May 2, 2022 - May 7, 2022

Join us in celebrating Water Week in the City of Franklin! Businesses across the city are sharing about the importance of clean and abundant water for the city. Learn more about how you can participate during each day of water week!

Share how you are participating in Water Week by sharing on social media with #FranklinWaterWeek.

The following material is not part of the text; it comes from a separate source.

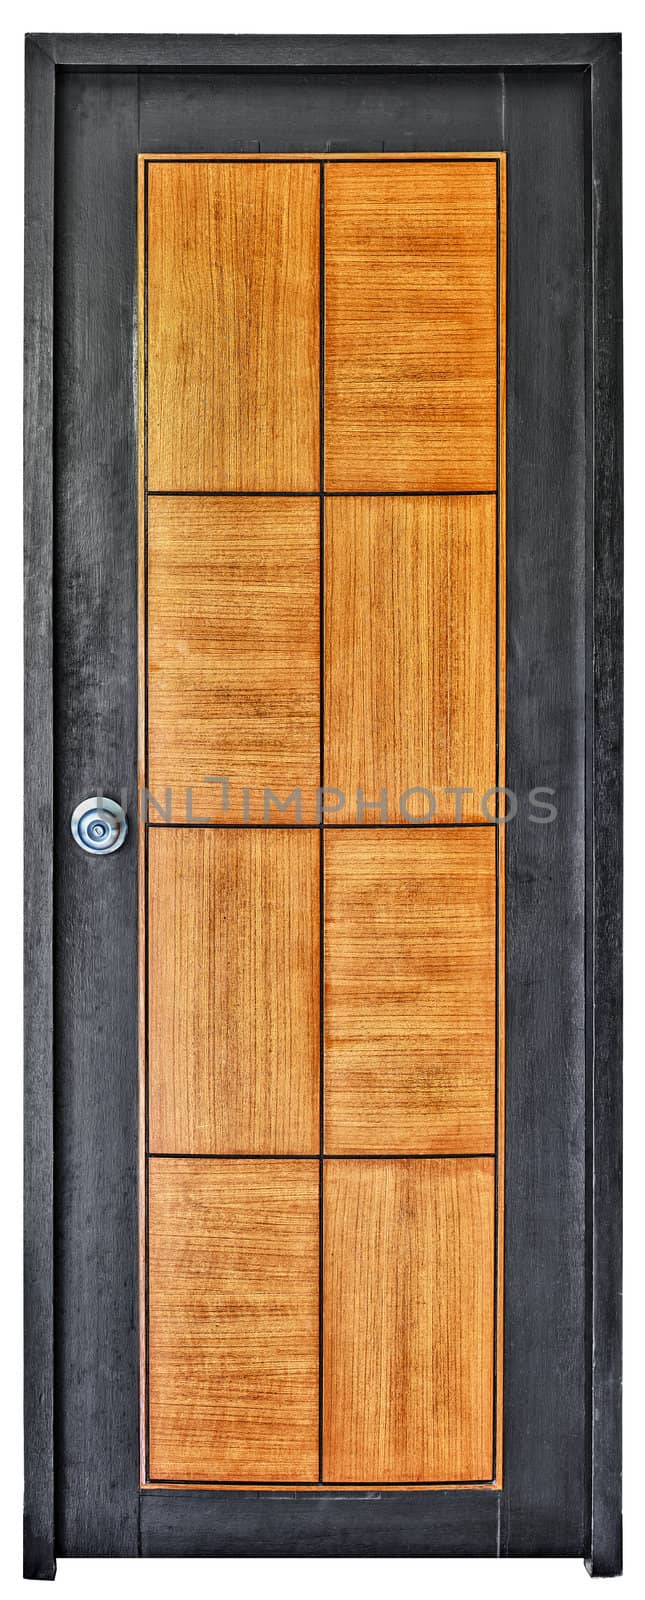 The modern wooden door isolated on white background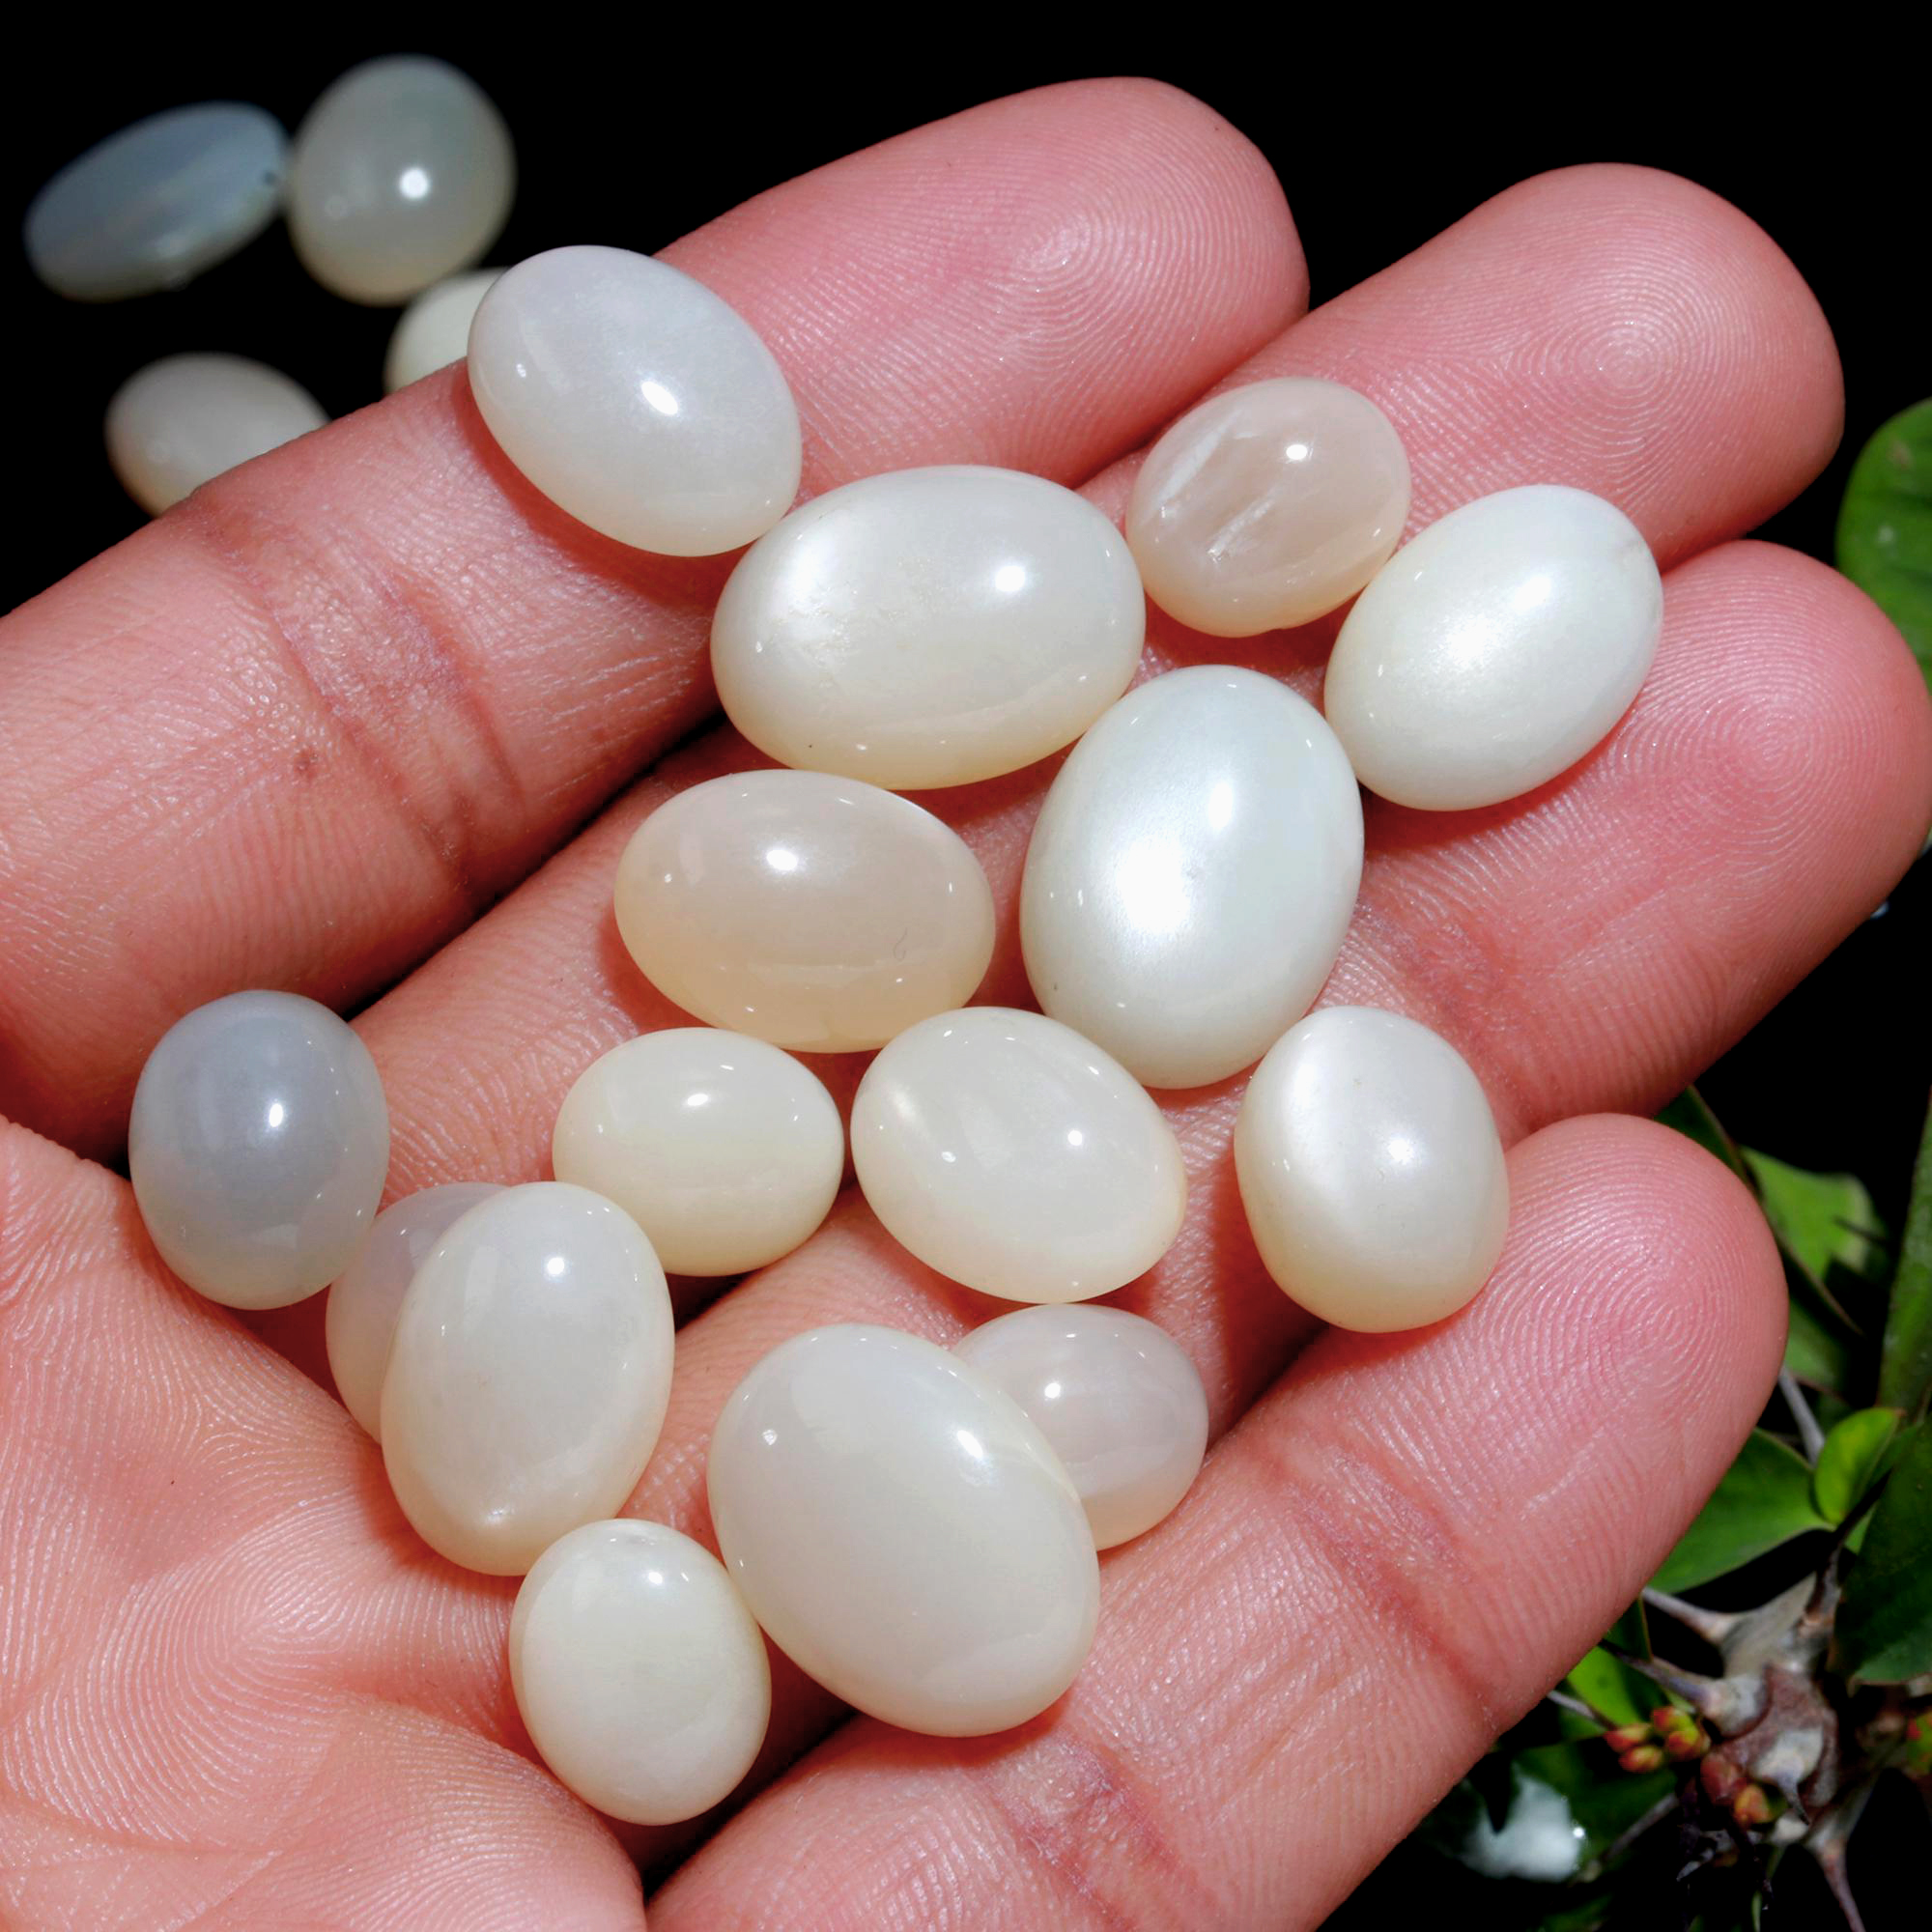 28 Pcs. 152Cts. Natural White Rainbow Moonstone polished Mix Cabochon Wholesale Loose Lot Size 16x12 12x9mm Gemstone for jewelry

In-Person Water Week Celebrations:

At the end of Franklin Water Week, join us in celebrating your watershed at our stream cleanup and open house at Curio Brewing Company!

Register now


About the Harpeth River Watershed:

The Harpeth River watershed includes all lands and waters that drain to the Harpeth River–about 863 square miles! The Harpeth River itself is 125 miles long, originating in headwater streams near the small town of Eagleville. The City of Franklin withdraws water from both the Harpeth River and the Cumberland River, where the Harpeth drains. En route to the Cumberland River, the Harpeth takes on the Little Harpeth, Big Turnbull Creek, and Jones Creek. Keep an eye out for river otters within the watershed. They’re making a comeback, and families of as many as 17 have been spotted! If it’s birding you’re into, head to Radnor. Many species of waterfowl have made the park their winter destination of choice and species include wood duck, canvasback, gadwall, bufflehead, American black duck, and more.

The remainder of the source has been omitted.